TAMAMEN GERÇEKLİĞE YASLANIYOR
Kitabın kurgudan beslenmesine rağmen gerçek olay ve kişilere dayandığını söyleyen Ilyasah Shabazz, anlatılanların ne kadarının gerçek olduğu sorusunu şöyle cevaplıyor: “Ben babamın gençlik hayatını daha geniş kapsamlı bildiğim için şanslı olanlardanım, çünkü onu benden daha uzun süre önce tanıyan insanlar, örneğin annem, hala ve amcalarım ve babamın çocukluktan komşu ve arkadaşları, benimle onun hakkında muhteşem anılar paylaştılar. Bu kitabın muhteva ettiği hikaye, uzun zaman benim gönlümde yaşadı. “ Kitapta adı geçen Malcolm’un yaşadığı yerler, çalıştığı işler ve yaptıklarının hepsi gerçekliğe dayanıyor. Bu yönüyle daha ilk bölümden itibaren okuyucuyu yakalıyor. Lasling, Boston ve Harlem bu üç yer onun hayatının şekillendirir. Malcolm X, 19 Mayıs 1925’te Nebraska eyaletinin Omaha şehrinde dünyaya gelir. Babası, Evrensel Siyahi Gelişme Derneği üyesidir ve ailesi sürekli saldırıya uğrar. Malcolm doğar doğmaz babası evi Lansing’e taşır. Ancak yine de kurtulmayı başaramaz.
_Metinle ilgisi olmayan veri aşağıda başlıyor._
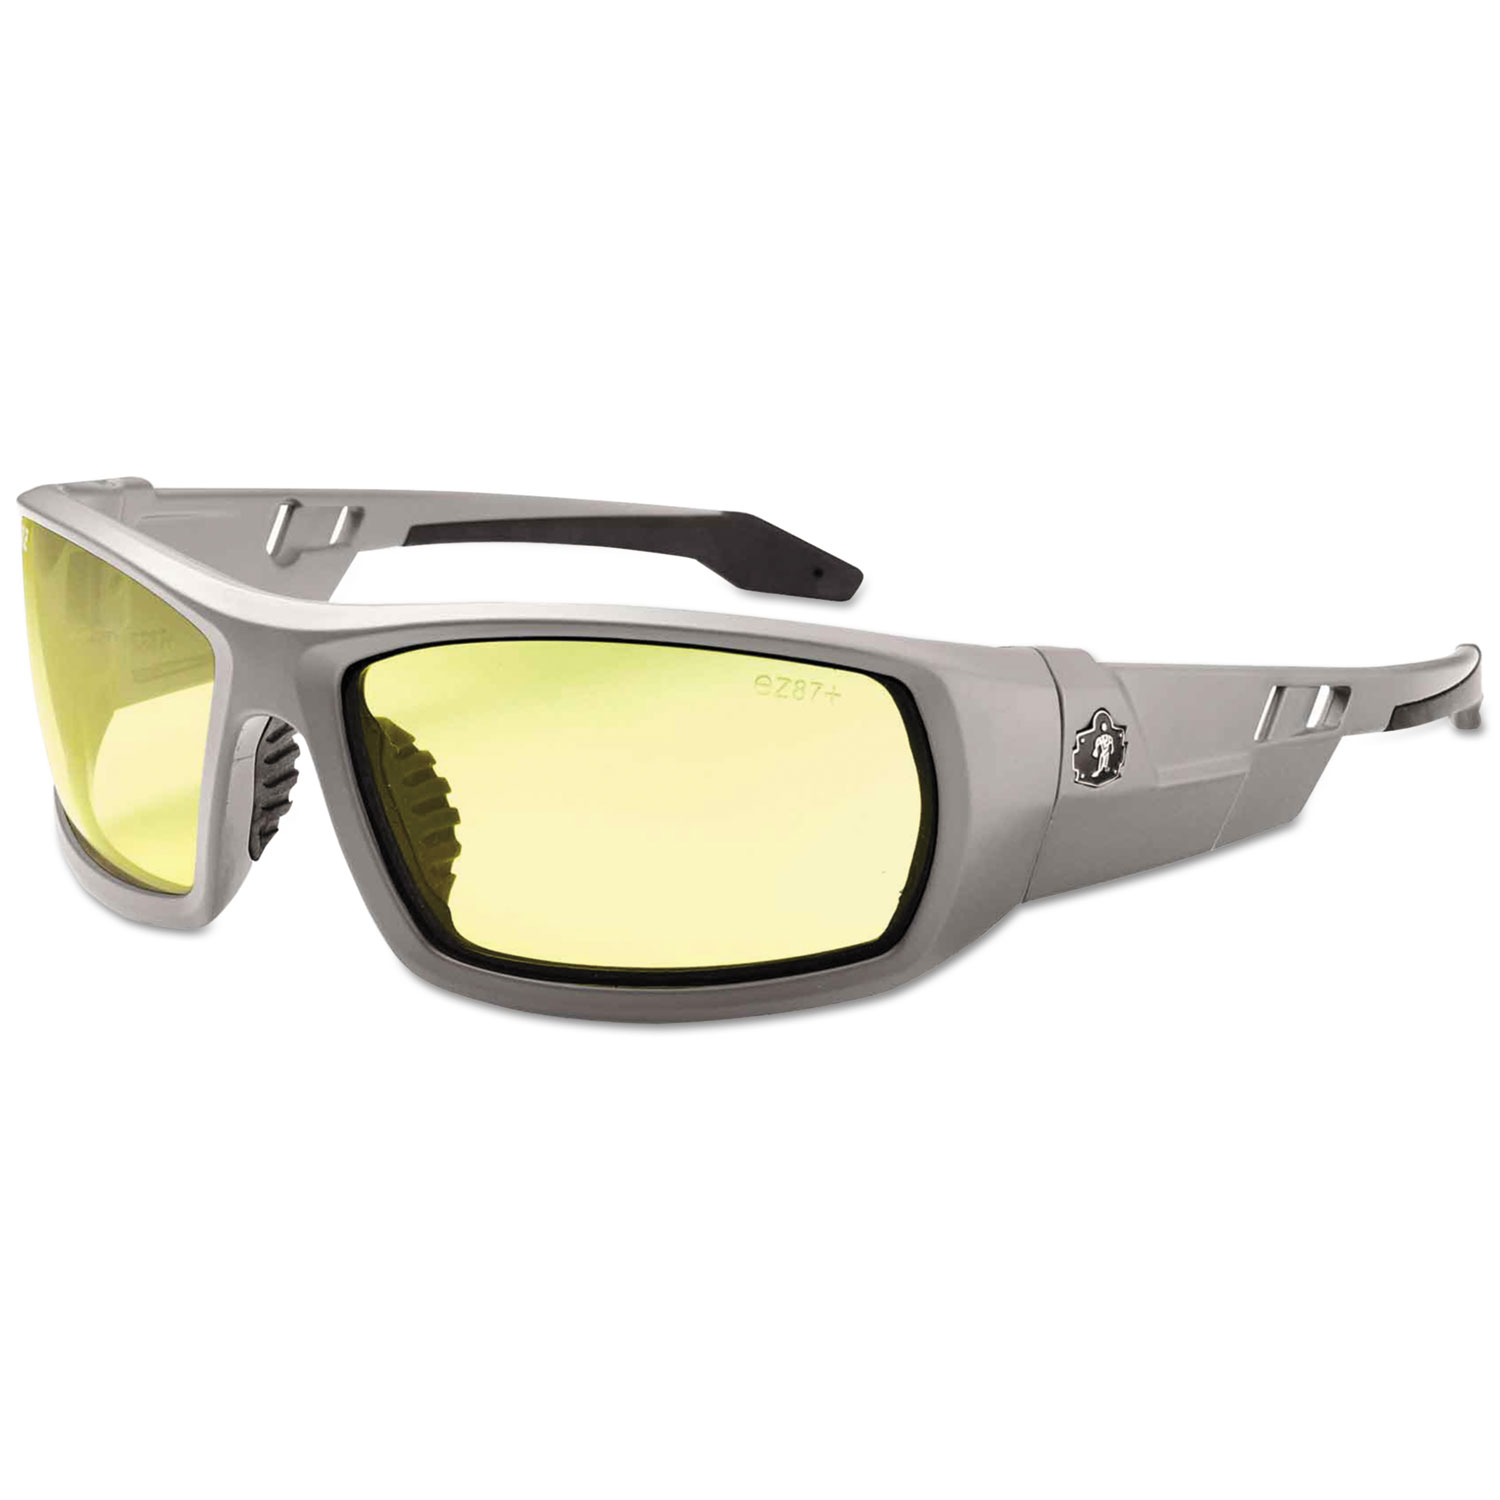 Skullerz Odin Safety Glasses, Gray Frame/Yellow Lens, Nylon/Polycarb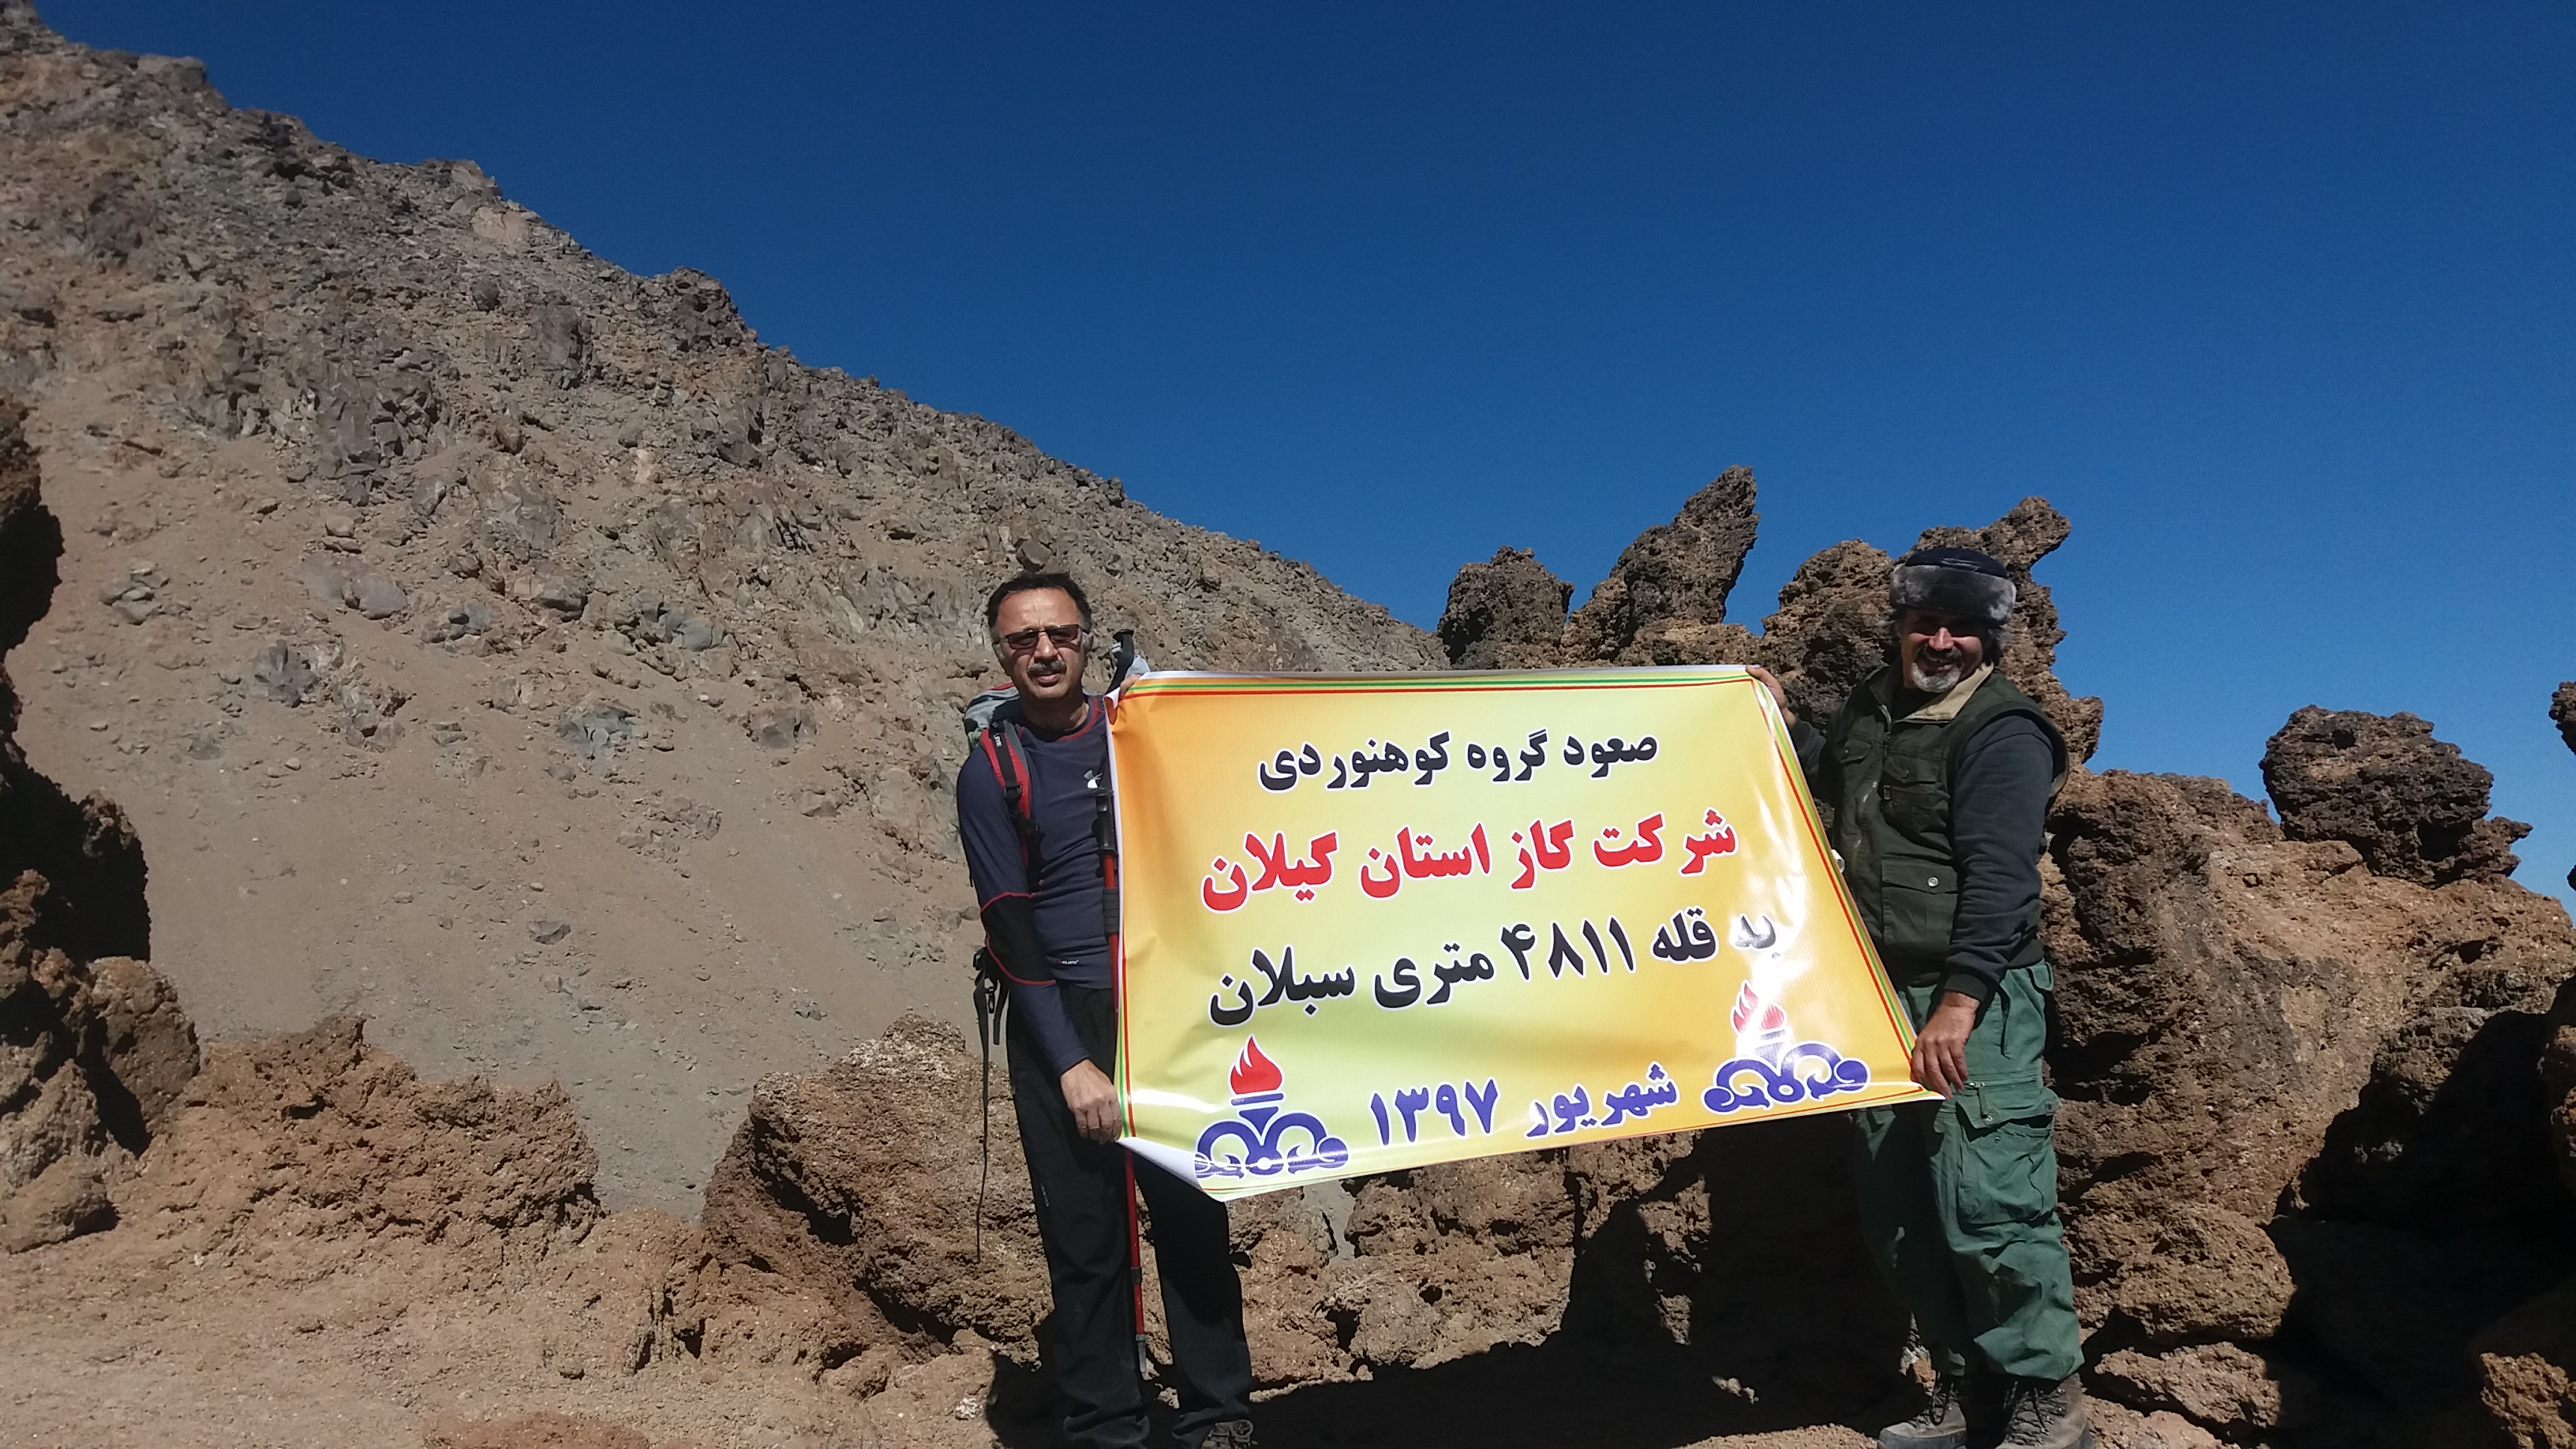 کوهنوردان شرکت گاز استان گیلان به قله سبلان صعود کردند

Malcolm 6 yaşında iken 7 kardeşiyle birlikte babasız kalır.
AÇ KALINCA TAVUK ÇALARDI
Wilfred, Hilda, Philbert, Malcolm, Reginald, Wesley ve Yvonne. Babalarını kaybedince ailenin tümü yükünü annesi sırtlanır. Buhran yılları olduğu için açlık hayatlarının bir parçası olur. Üstüne üstelik sosyal hizmet görevlileri sürekli onları taciz eder. Evlerine gelen sosyal hizmet görevlisi Bay Franklin, annelerinin delirdiğini düşünmelerini ister. Oysa ki anneleri daha fazla devlet yardımı istemeyecek kadar gururludur. Malcolm, beyazların sofralarının boş kalmamasını ise belli bir standartları olmamasına bağlar. Yiyecek sıkıntısı çekilen zamanlarda annesi domuz, tavşan hatta fare yiyecek kadar aç kaldıkları dönemde hiçbirini sofraya koymaz. Küçük Malcolm’un karınlarını doyurmak için tavuk ya da karpuz çalması sosyal yardım görevlilerinin onunla uğraşmasına neden olur. Sadece onu diğer kardeşlerinden tamamen ayırırlar ve başka bir koruyucu aileye verirler. “Kaldır kafanı yüce ırk. Tanrı sana bir büyük kader tayin etmiş. Sen istediğin her şey olabilirsin oğlum. Sen de benim gibi ders veren ve yol gösteren olacaksın.” Babasının bu sözleri onun hayatı boyunca tutunduğu kelimeler olur. Bazen de hayal kırıklığının kaynağı. Tıpkı ıslahevinin okulunda suratına çarpılan hakikatler gibi. 14 yaşında iken Lasling’deki okuldan atıldıktan sonra koruyucu ailenin yanından alınır ve bir ıslahevine yerleştirilir. Tamamı beyazlardan oluşan bir liseye gider. Okuldaki İngilizce öğretmeni Bay Ostrowski ona büyük potansiyelinin olduğunu hep tekrar eder. Derslerinde çok başarılı bir öğrencidir. Ta ki Ostrowski, bir gün ona ne olmak istediğini soruncaya kadar. Malcolm bu soruya avukat diye cevap verir ama aldığı karşılık ile yıkılır. “Daha gerçekçi hayaller kurmalısın.” Malcolm’a iyi bir marangoz olabileceğini söyler ve ne de olsa o alt tarafı bir zencidir. Zenci lafına alışıktır ve canını acıtmaz. Fakat alt tarafı işte bu iki kelime tokat gibi çarpar. “Alt tarafı bir zenci. Eğer bundan fazlası olmak için kafanı kaldırırsan o kafayı kesiyorlardı.”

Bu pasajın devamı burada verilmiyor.